A Bill making its way through parliament has serious implications for farmers and other landowners who wish to harvest timber on their properties. It shows how much power the environmental NGOs have acquired and why negotiating with them over ‘sustainability’ is so dangerous. Source: The Land
The Illegal Logging Prohibition Bill has passed the House of Representatives and is currently before the Senate. It prohibits the importation of anything containing illegally logged timber (including paper) and the processing of illegally harvested, domestically grown raw logs.
It also requires importers of regulated timber products and processors of raw logs to meet due diligence requirements as to their legality.
This bill amounts to taking a giant sledgehammer to crack a tiny nut. It contravenes centuries of sound legal principles involving strict liability and the onus of proof, and offends our major trading partners and risks retaliation against our exports. It deserves to be buried and forgotten.
So significant are its implications that Australia’s main timber suppliers, New Zealand, Malaysia, Indonesia, Canada and Papua New Guinea have all expressed concern, with suggestions it may prompt retaliation under WTO rules.
Indonesia is said to be particularly annoyed and it has been suggested this is contributing to problems with live cattle exports.
The impact of the bill falls mainly on saw millers and importers who must demonstrate that domestic logs and the timber in imported products containing wood were legally harvested.
There is no presumption of innocence: in the Due Diligence regulations, the onus is on millers and importers to prove legality. If you are found to have processed or imported illegal timber there are penalties up to five years imprisonment and very large fines.
Even if you did not knowingly or intentionally do this, you can still be found guilty as all the courts have to find is you did it “recklessly” or were negligent. In addition there are civil penalties based on strict liability, meaning lack of intent is irrelevant.
If you import or process anything illegally logged, unknowingly or deliberately, you are automatically guilty. Innocent businesses can be entered and searched for monitoring purposes (not merely investigation and enforcement) in addition to being required to submit reports to show compliance.
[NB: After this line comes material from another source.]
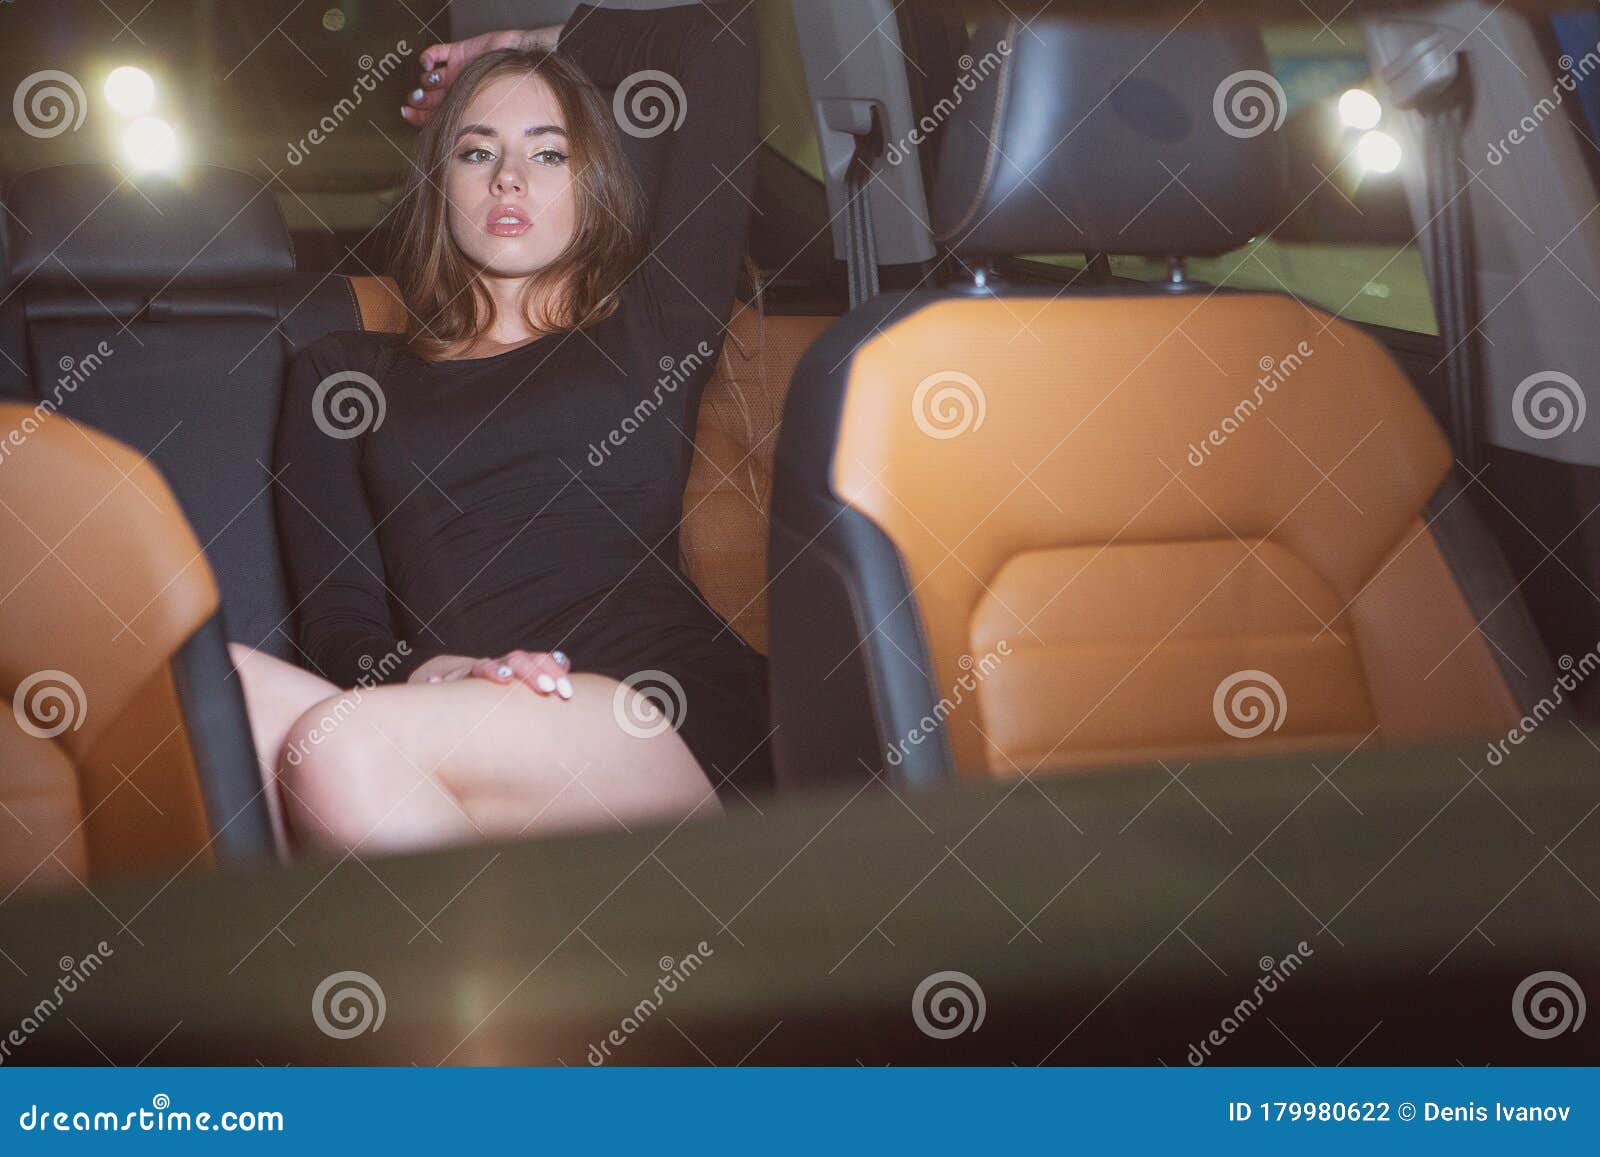 Голая Девушка На Заднем Сиденье Автомобиля (5 Фото)

The bill relies on the Orwellian assumption that it is possible for saw millers and importers to have knowledge of all the laws, regulations, codes, rules and treaties in the State and country of harvest, and to know that all such laws have been complied with.
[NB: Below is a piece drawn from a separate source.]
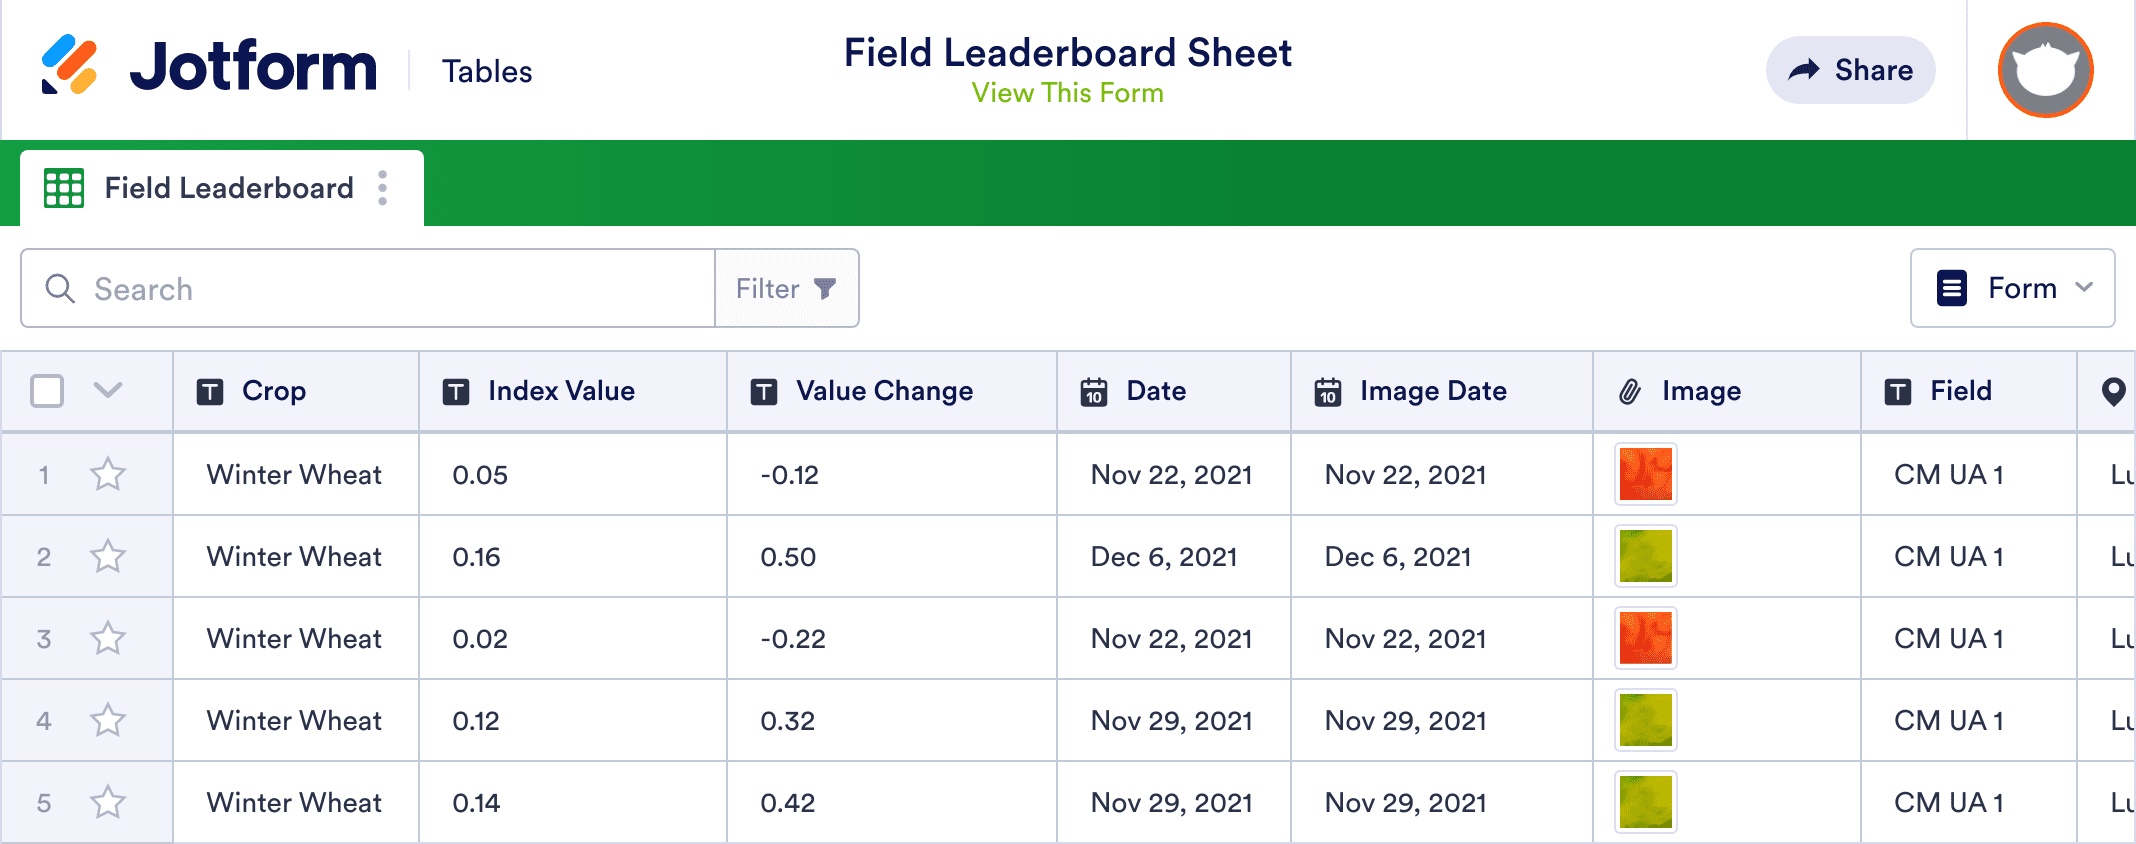 Field Leaderboard Sheet

As I discussed recently, WWF is seeking to use voluntary certification systems to “transform” markets by applying pressure to companies holding strategic positions in the supply chain such as dominant consumer goods manufacturers and retailers.
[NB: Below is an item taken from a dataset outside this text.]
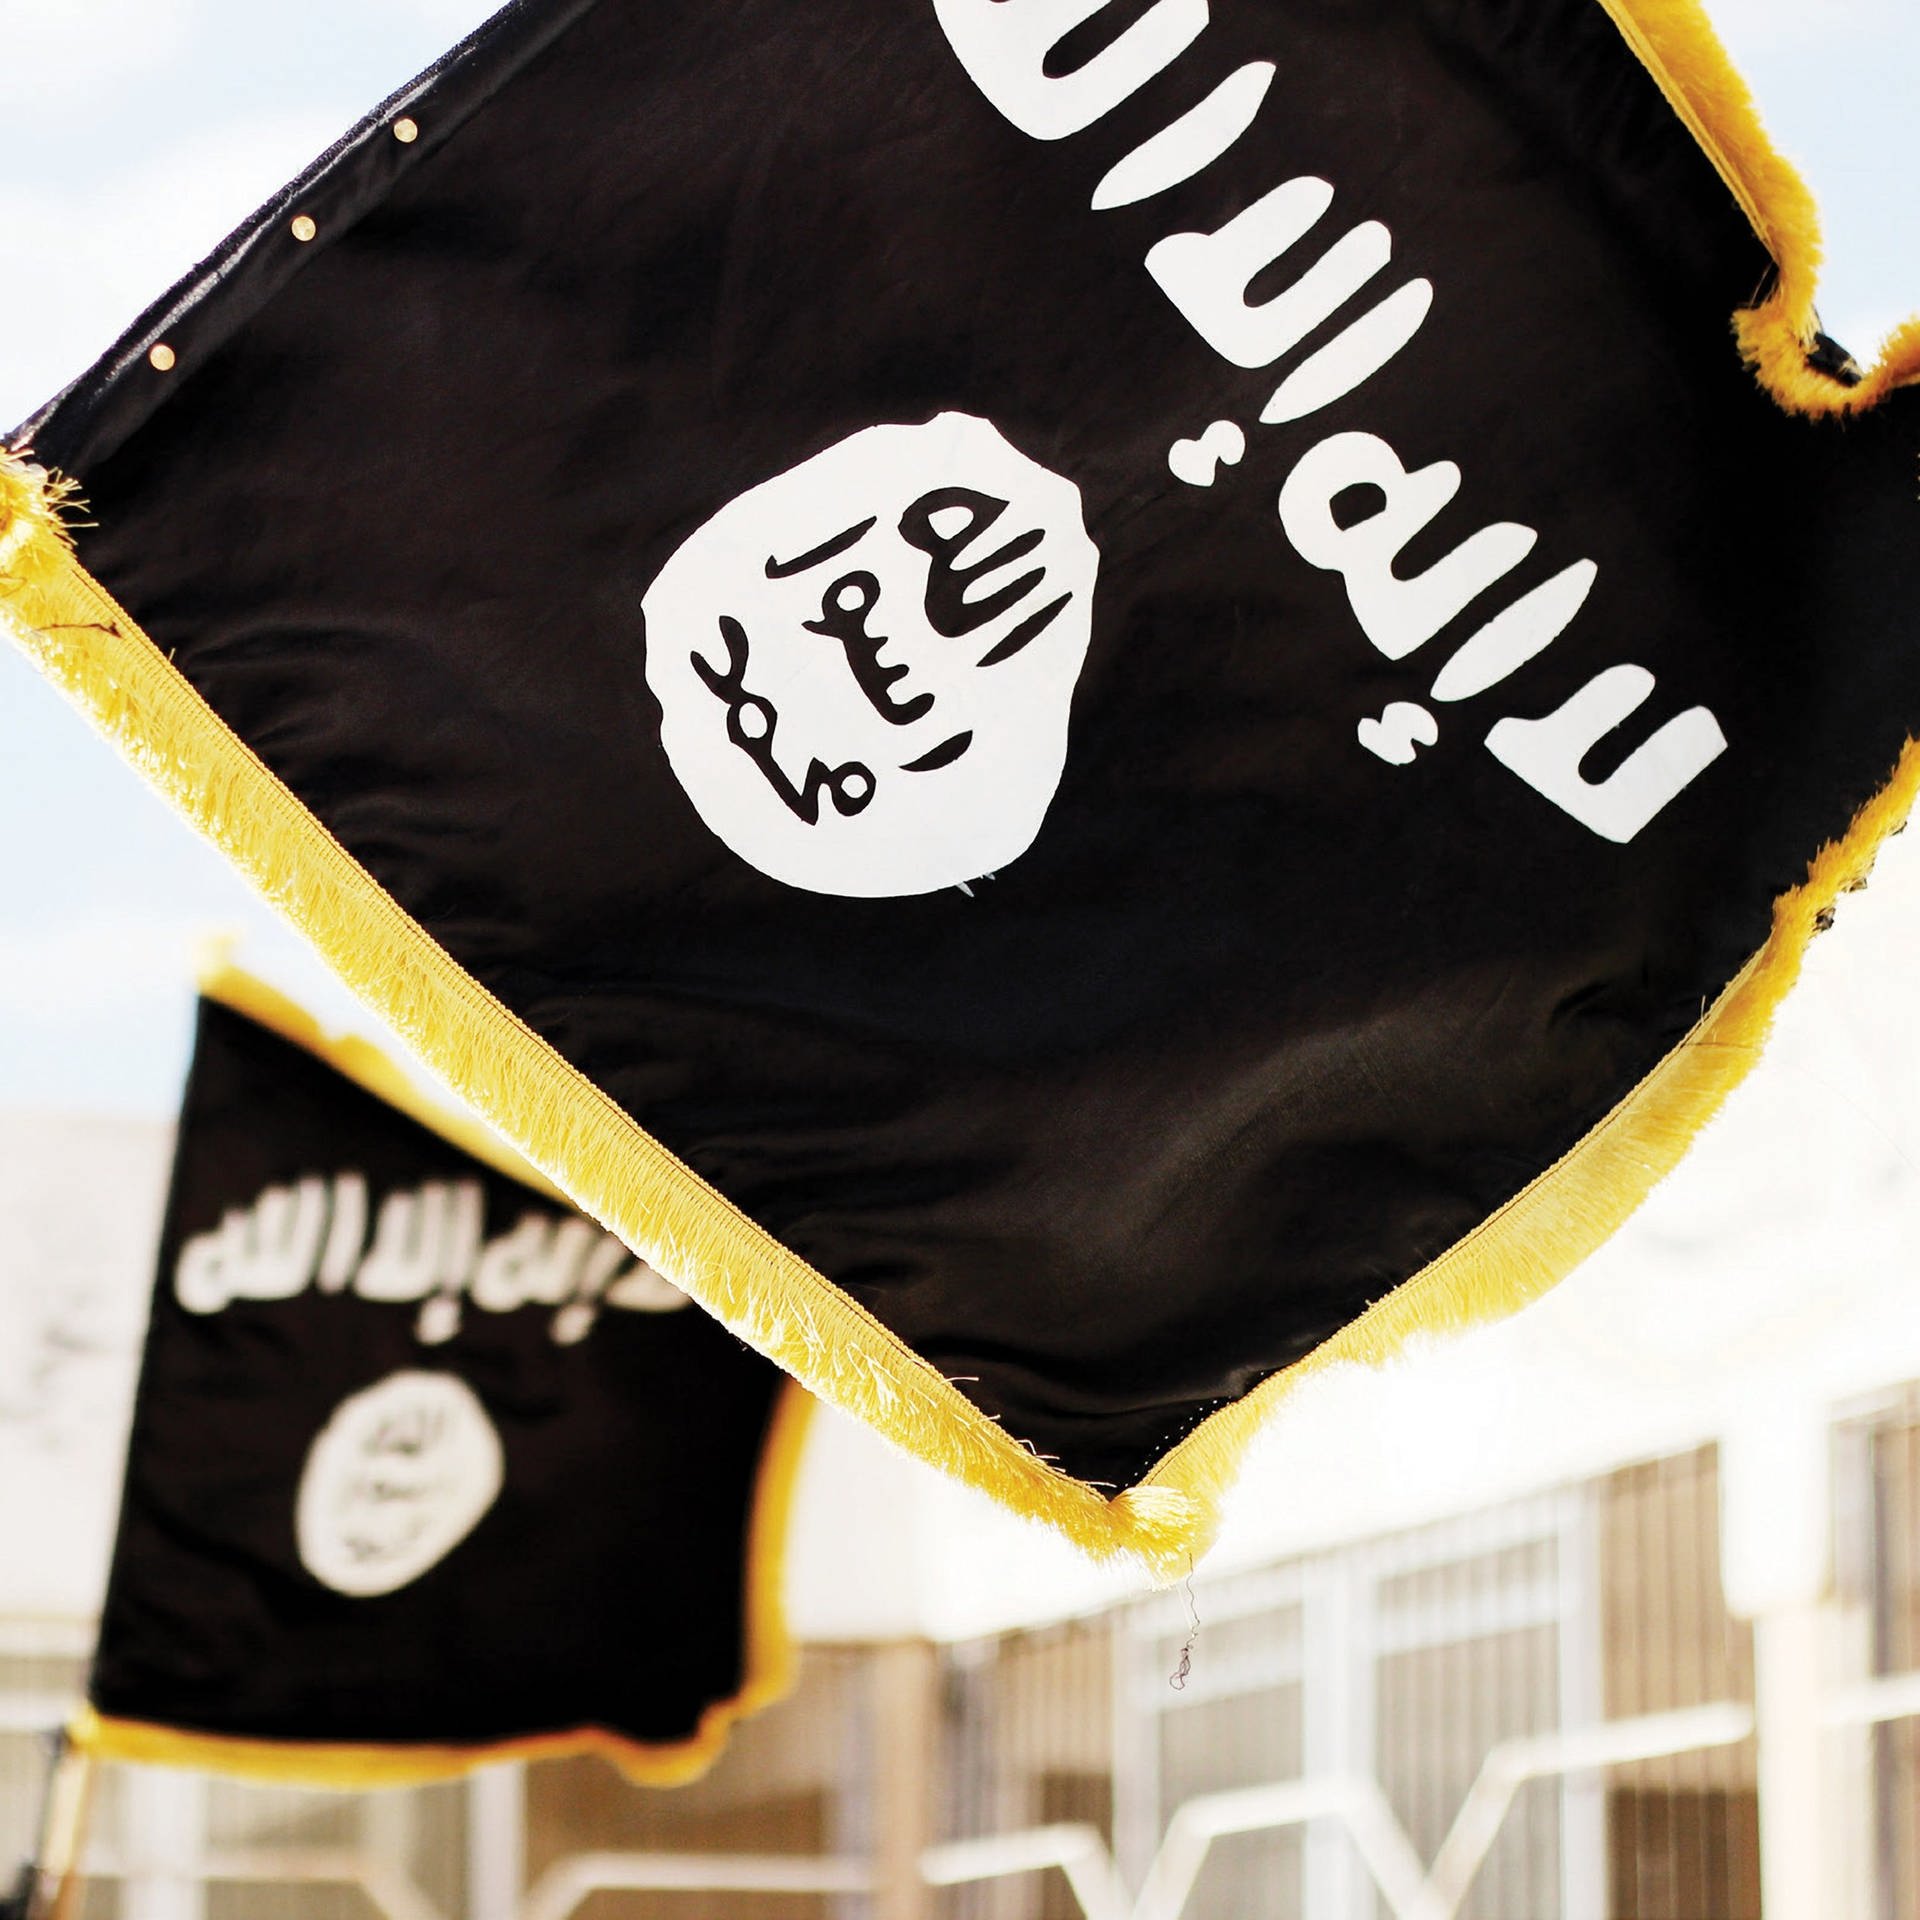 Die Wiederkehr des Terrors – Gibt es einen neuen IS?

It is by no means coincidental that WWF established a timber “sustainability” program that, amongst other things, involves supply chain certification. This has now been largely incorporated into the Forest Stewardship Council’s (FSC) certification scheme.
Large retailers and consumer food companies in Europe and the US already demand compliance with FSC’s sustainability standards when sourcing timber, notwithstanding its impact on costs.
Even the World Bank has given exclusive endorsement to FSC certification schemes for forest products, effectively making compliance a pre-requisite for many sources of finance.
The European Union already has a similar regime to the Australian bill, imposing an obligation on timber importers that is difficult to meet except by participation in a certification scheme sponsored by a green NGO. This not only satisfies the global ambitions of the NGOs but also restricts entry to the European market of products that are cheaper than goods produced in the EU, a form of green protectionism that experts claim breaches WTO rules.
Some in the local timber industry similarly believe the Australian bill will protect them from imports. In fact, domestic millers will struggle to comply, with NGOs out to shut down hardwood logging while State forestry departments, which control most of the native forests, lack resources and are largely indifferent to the risks.
Farmers wanting to harvest trees on their property already face state laws and regulations. In NSW, for example, they must negotiate the Environmental Planning and Assessment Act and the Native Vegetation Act.
They must also comply with federal legislation such as the Environment Protection and Biodiversity Conservation Act. These are full of grey areas. When does a sapling become a tree, for example? When does allowable clearing of regrowth become illegal clearing of timber? A breach of any of these in the course of harvesting timber, even if no prosecution occurs, could make the saw miller liable for accepting the logs.
Perhaps all this might have some justification if there was a major problem with illegally harvested log imports, as asserted by environmental NGOs. But that is not the case. In reality, 90% of the volume of imported sawn timber imports comes from countries of negligible risk such as the EU, Canada, USA and New Zealand.
Of the remaining 10%, a maximum of 30% is potentially illegal. Furthermore domestic logs comprise 80% of Australia’s sawn timber usage. That means only 2% of Australia’s sawn timber is from high risk countries. Even if 30% of that is illegal, it equates to less than 1% of the total.
Even the explanatory memorandum to the bill puts it into perspective, stating that “Australia’s estimated share of the economic, social and environmental costs of global illegal logging [is] … around $23 million per annum”. This is a paltry amount considering “social” costs are invariably an inflated guess.